Proprietary Reverse Mortgages Offer More Flexibility, But More Risks

The vast majority of reverse mortgages are classified as Home Equity Conversion Mortgages (HECMs) and are insured by the Federal Housing Administration (FHA). However, a small portion of reverse mortgages on the market are offered by private lenders, and are not insured or closely regulated by the FHA. In general, proprietary reverse mortgage loans can offer significantly more flexibility to borrowers, but also don’t have many of the protections that naturally come with HECMs. Despite that, certain federal laws do apply to proprietary reverse mortgages, including the fact that borrowers must be at least 62 years old to qualify.

What are the Differences Between HECMs and Proprietary Reverse Mortgages?

One of the biggest differences between HECMs and proprietary reverse mortgages is the fact that proprietary reverse mortgages are not beholden to the FHA lending limits. Right now, HECMs are limited to a maximum of $679,650 or the home’s appraised value, whichever is less. In contrast, proprietary reverse mortgages are only limited to the maximum amount that the borrower is willing to lend. And, when it comes to jumbo reverse mortgages, that number could easily be several million dollars.

Also, unlike HECMs, proprietary reverse mortgages usually do not require borrowers to pay any form of mortgage insurance. So, if you get a reverse mortgage, you won’t have to pay an upfront mortgage insurance premium (UMIP), or a regular mortgage insurance premium (MIP). However, proprietary reverse mortgages may have their own fees, so you won’t necessarily be saving money by getting one. In fact, proprietary reverse mortgages typically have higher interest rates than HECMs, so you’ll usually end up paying more for your loan.

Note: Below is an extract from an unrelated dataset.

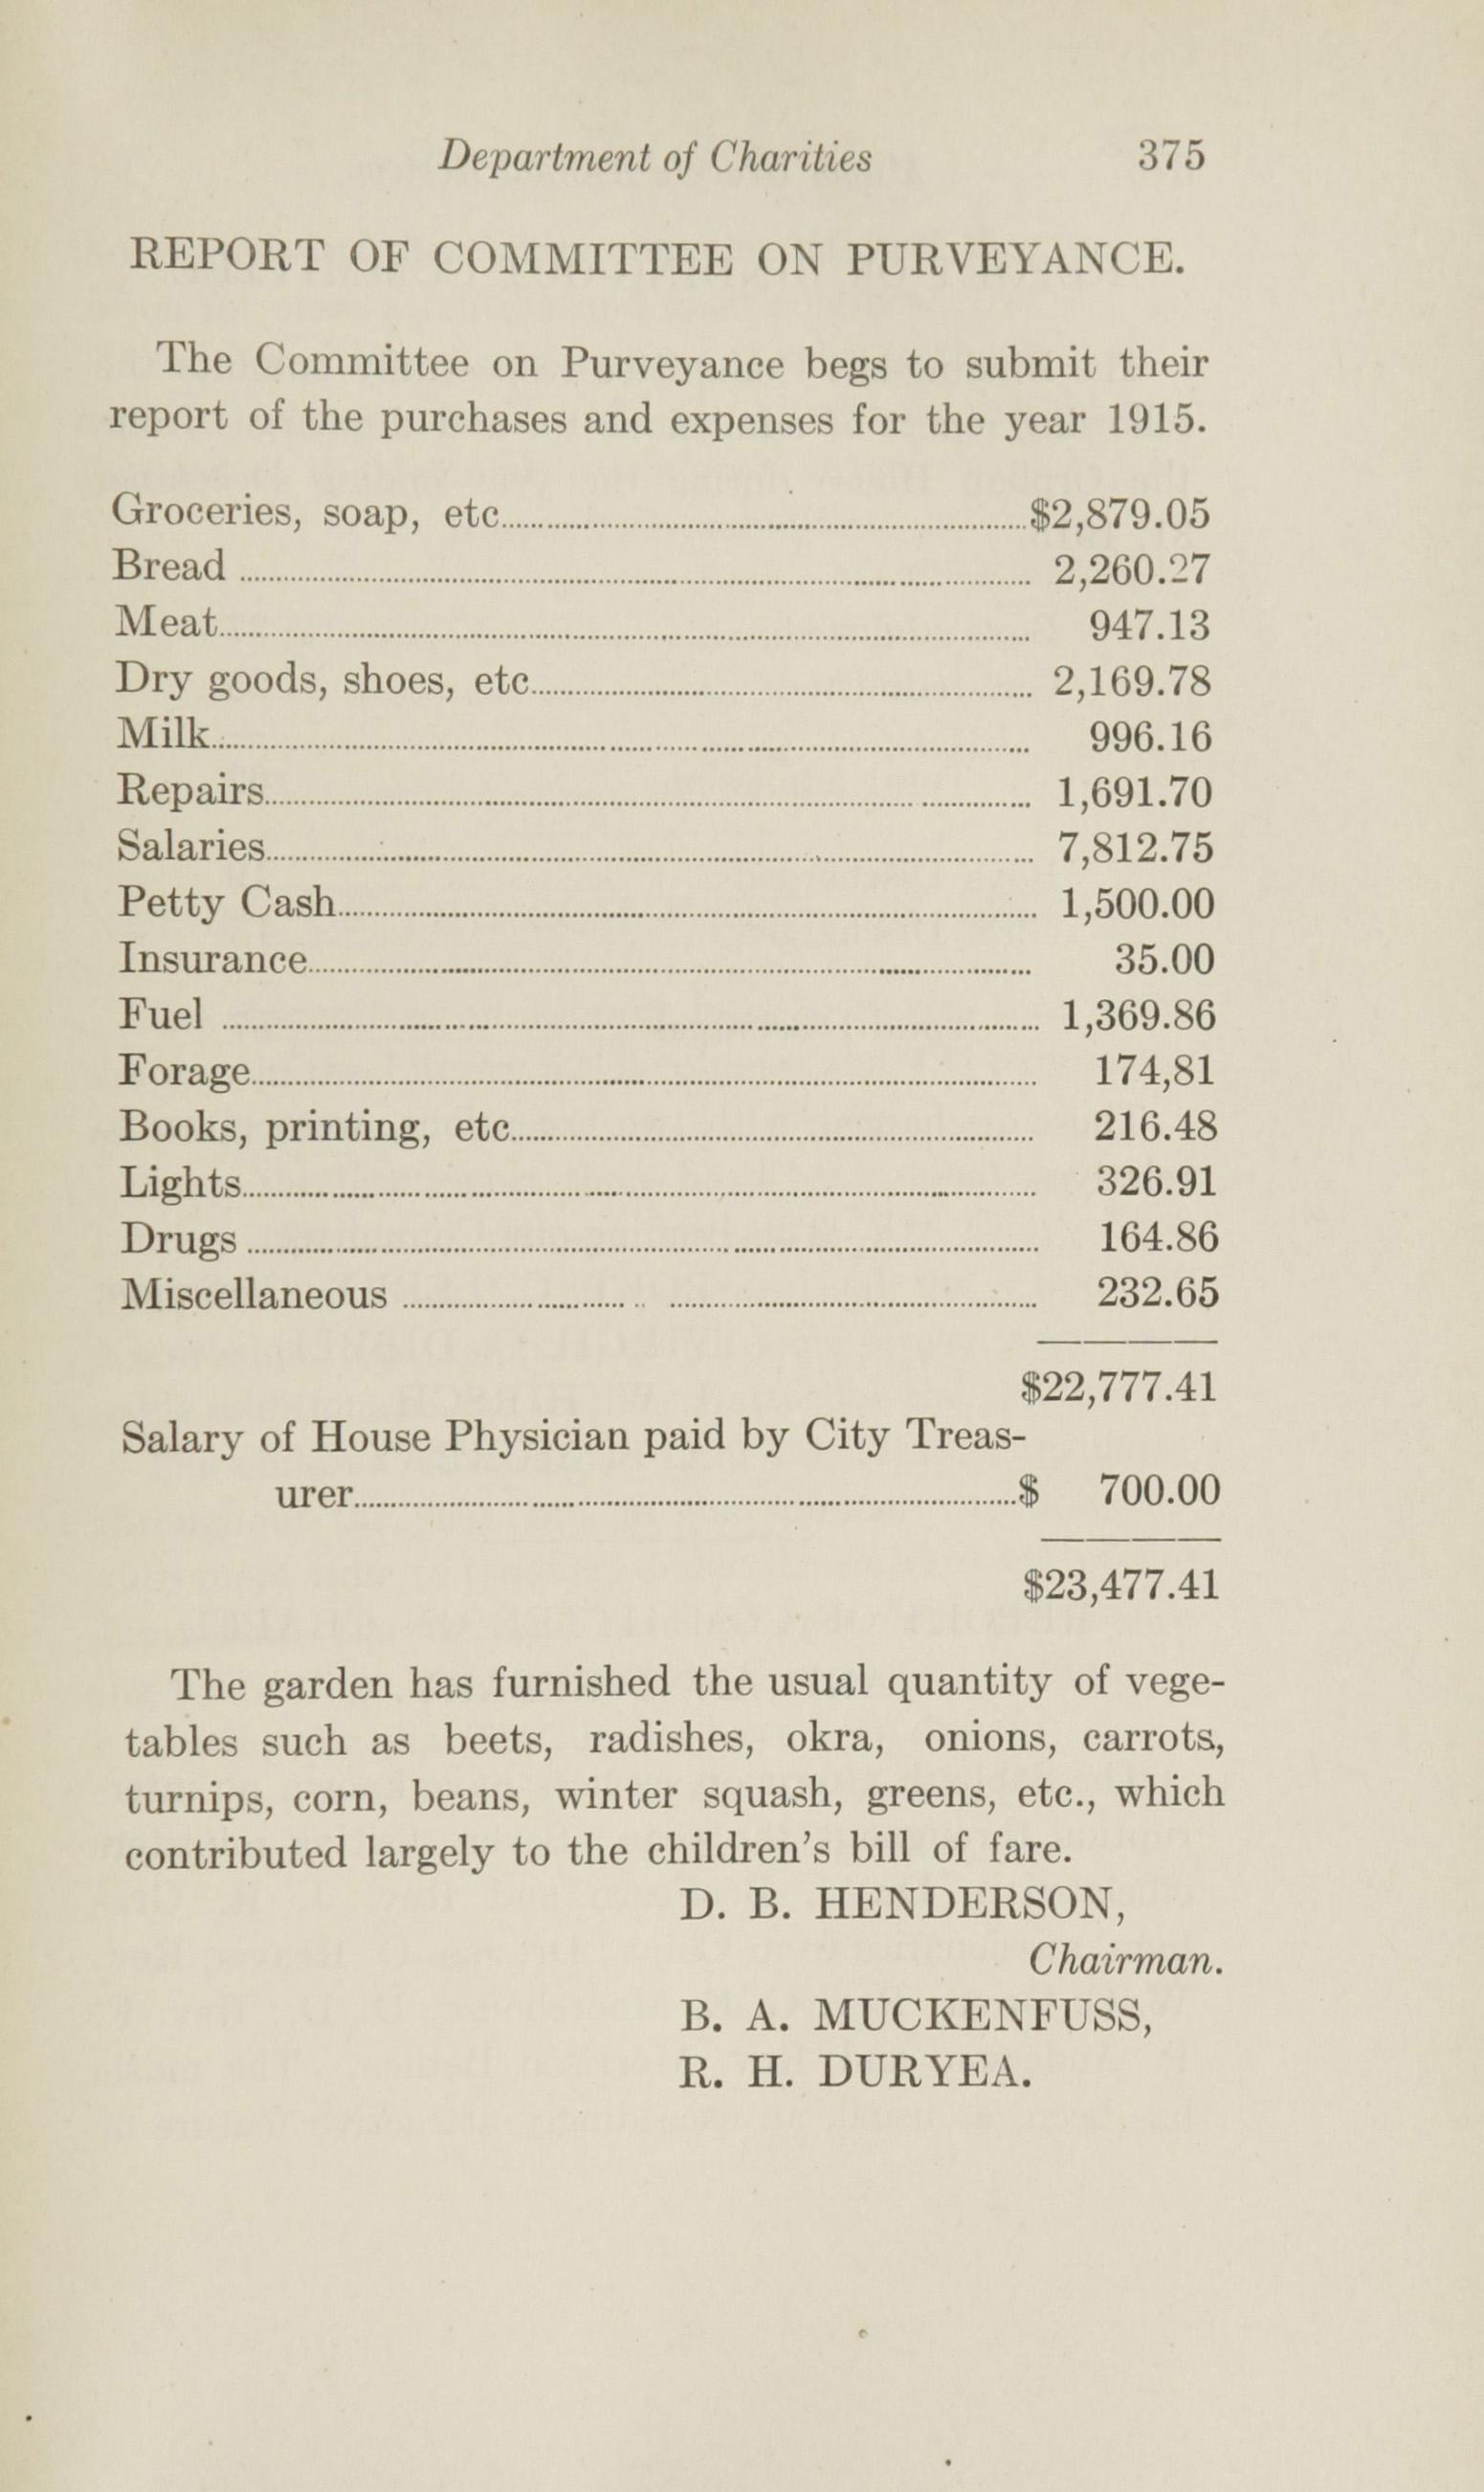 Charleston Yearbook, 1915, page 375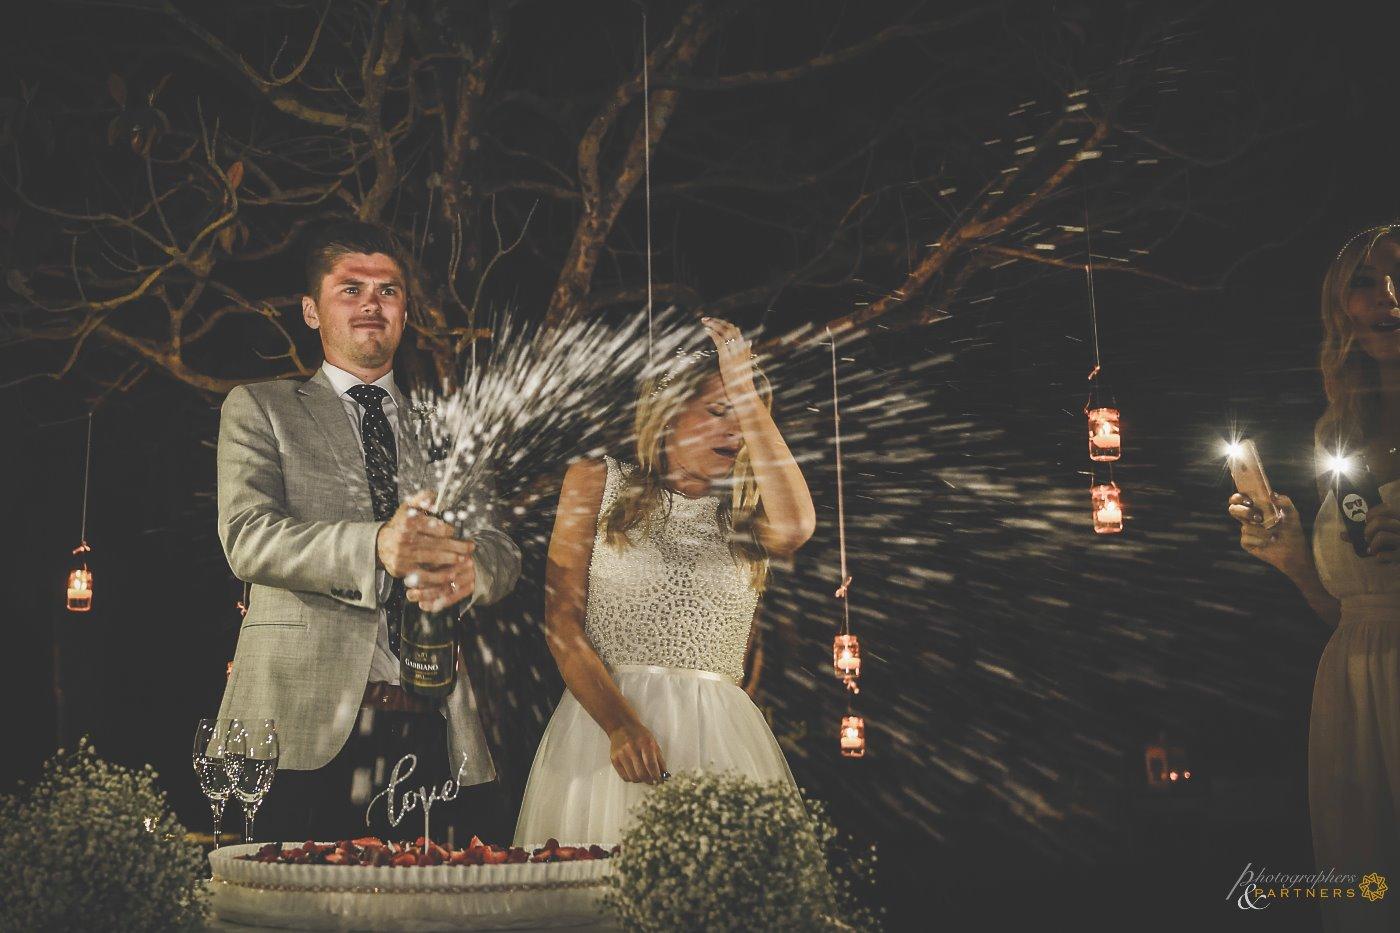 photo_weddings_castello_gabbiano_21.jpg

Proprietary Reverse Mortgages and Non-Borrowing Spouses

Since mid-2014, HECMs have carried certain protections for non-borrowing spouses, Specifically, non-borrowing spouse are permitted to stay in a home after the borrowing spouse has passed away or moved to a nursing home, as long as they get certified as an eligible spouse before the borrower has passed away. They also will have to get re-certified each year afterward, as long as they want to continue staying in the home. In addition, non-borrowing spouses need to uphold the general rules of the reverse mortgage, including paying property taxes, homeowners insurance, and maintaining the property.

Jumbo Reverse Mortgages are The Most Popular Form of Proprietary Reverse Mortgages

Earlier in this article, we mentioned that certain proprietary reverse mortgage lenders offer jumbo reverse mortgages. In fact, most proprietary reverse mortgages are actually jumbo reverse mortgages. Jumbo reverse mortgages are usually only available to borrowers who have homes worth more than $1 million, but recent market changes mean that these loans may be available for borrowers with homes valued at as little as $850,000. Right now, only two lenders offer jumbo reverse mortgage products to borrowers: American Advisors Group and Finance of America Reverse.